Le mot “fête” fit vibrer quelque chose chez Nino. Une mission. Un appel.
— Captain Descente au rapport, murmura-t-il. S'il y a un buffet, il y a forcément un danger : quelqu'un pourrait manger toutes les mini-quiches.
Il entra, dramatique, sauf que la porte automatique s'ouvrit trop lentement. Il dut patienter en gardant une pose héroïque, le menton haut, pendant que la vitre faisait “bip… bip… biiip”.
À l'intérieur, l'air sentait la peinture fraîche et le jus de pomme chic. Des tableaux immenses occupaient les murs, et au milieu trônait une installation étrange : une pente brillante, comme un toboggan d'argent, avec un panneau : « NE PAS TOUCHER — Œuvre interactive (mais pas trop). »
Nino plissa les yeux.
— Une pente… dans une galerie. C'est… c'est une invitation personnelle, non ?
Chapitre 2 — La pente d'argent et le gardien moustachu
Un homme à moustache impeccable, costume noir et chaussures silencieuses, surgit comme un ninja de musée.
— Je peux vous aider ? demanda-t-il, voix polie mais tranchante.
— Je suis… euh… un visiteur. Très visitant, dit Nino.
— Vous avez un billet ?
— J'ai… une mission.
Le moustachu soupira. Sur son badge, on lisait : BERNARD — SURVEILLANCE.
— Écoutez, jeune homme, la mission ici, c'est “on regarde avec les yeux”. Pas avec les mains, pas avec le nez, et surtout pas avec… ce que vous avez l'air de préparer.
Nino regardait la pente d'argent comme un chien qui vient de voir un frisbee.
— Cette œuvre… elle s'appelle comment ?
— “Glissement intérieur”, répondit Bernard. Et ce n'est pas un toboggan.
— Elle a quand même… une tête de toboggan, insista Nino.
— Et moi j'ai une tête de baguette ?
— Un peu, avoua Nino. Une baguette très sévère.
Bernard cligna des yeux, vexé malgré lui.
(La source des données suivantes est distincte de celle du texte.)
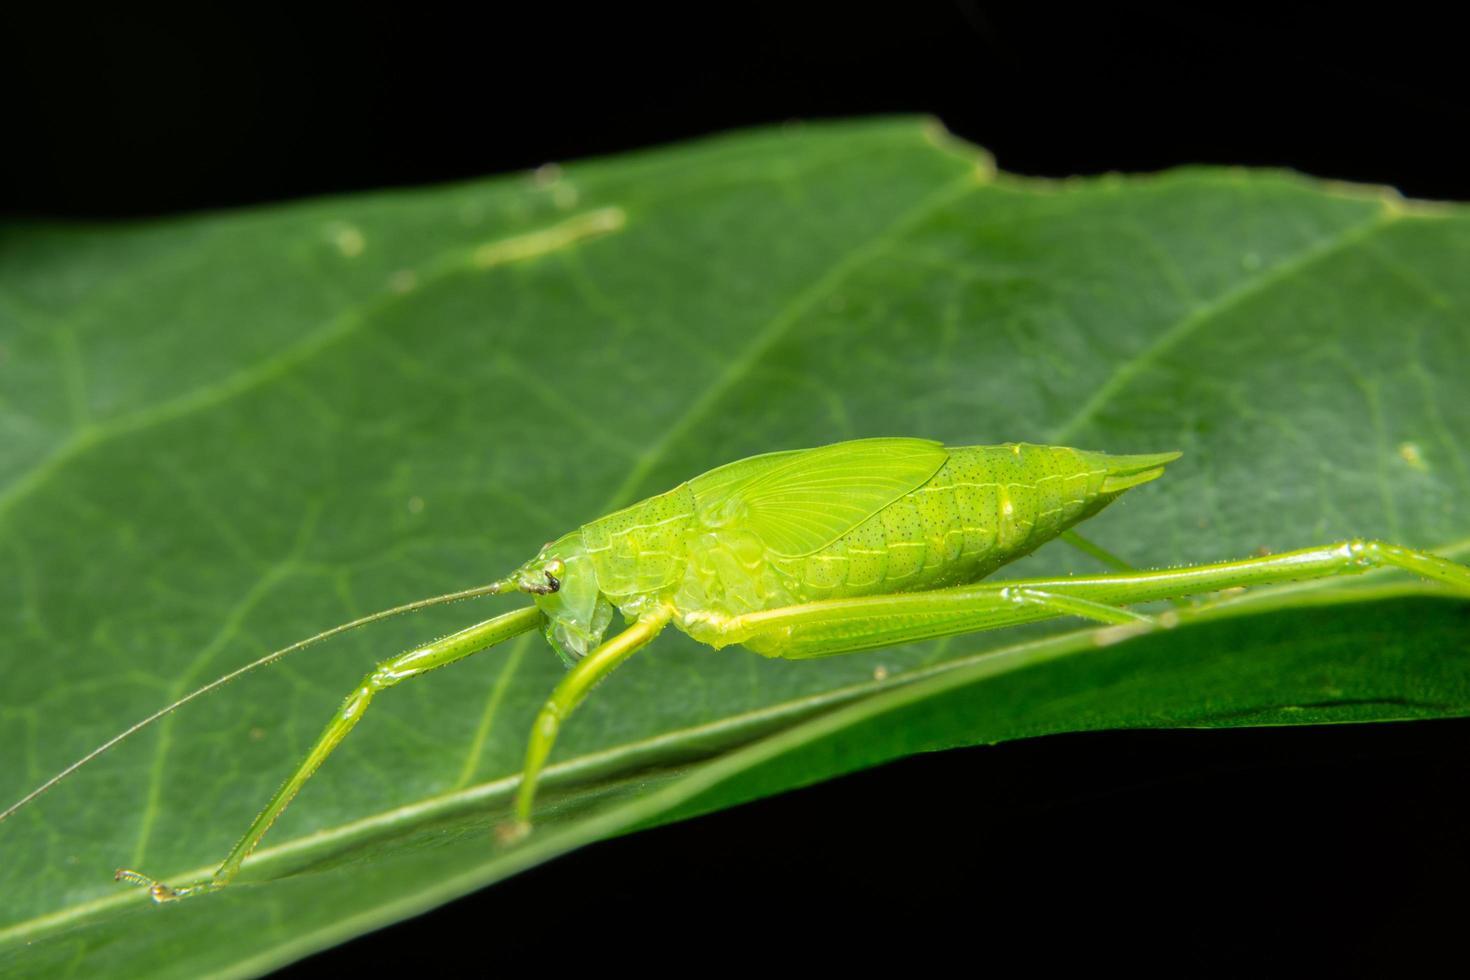 saltamontes verde en una hoja foto

Au fond de la salle, une artiste en salopette éclaboussée de couleurs discutait avec des gens. Elle avait des boucles violettes, des lunettes rondes et un sourire qui ressemblait à une fête foraine.
Elle aperçut Nino.
— Hé ! Vous êtes nouveau ? Moi c'est Lila, dit-elle en s'approchant. Ce soir, c'est le vernissage. On va mettre de la musique, des guirlandes, et même… un atelier “peins ton émotion”.
— Mon émotion principale, c'est “j'ai faim”, répondit Nino.
— Parfait, on a des mini-éclairs au chocolat.
Nino faillit saluer au garde-à-vous.
— Madame… euh… Artiste, cette pente, là… elle est… comment dire… tentante.
— Tentante, oui, c'est le but, répondit Lila en riant. Mais elle est fragile. Si quelqu'un glisse dessus, elle risque de se rayer.
— Glisser ? Moi ? Jamais. Je suis… un homme de principes. Très adhérent au sol.
— Ça tombe bien, ici, on adore les gens qui ne tombent pas, fit Bernard en passant derrière eux.
À ce moment-là, un technicien poussa un chariot avec une grosse caisse marquée “PROJECTEUR”. La roue avant passa sur un câble, et le chariot se mit à tanguer.
— Attention ! cria Lila.
La caisse bascula, roula, et se dirigea tout droit vers “Glissement intérieur”.
Nino n'eut pas besoin d'y réfléchir. Il bondit… mais bondir à plat, c'était son point faible : il fit un saut moyen, atterrit comme une crêpe, et se retrouva pile devant la pente. La caisse arrivait.
— Plan B ! annonça-t-il.
Il posa un pied sur le haut de la pente d'argent.
Et là, la gravité fit son travail. Son “manager” entra en scène.
Nino partit comme une bille.
Chapitre 3 — Vitesse supersonique (avec dignité variable)
Il glissa en descente à une vitesse qui aurait rendu jalouse une comète. Son manteau claquait, ses lacets hurlaient, et ses joues flottaient légèrement en arrière, comme s'il essayait de fuir son propre visage.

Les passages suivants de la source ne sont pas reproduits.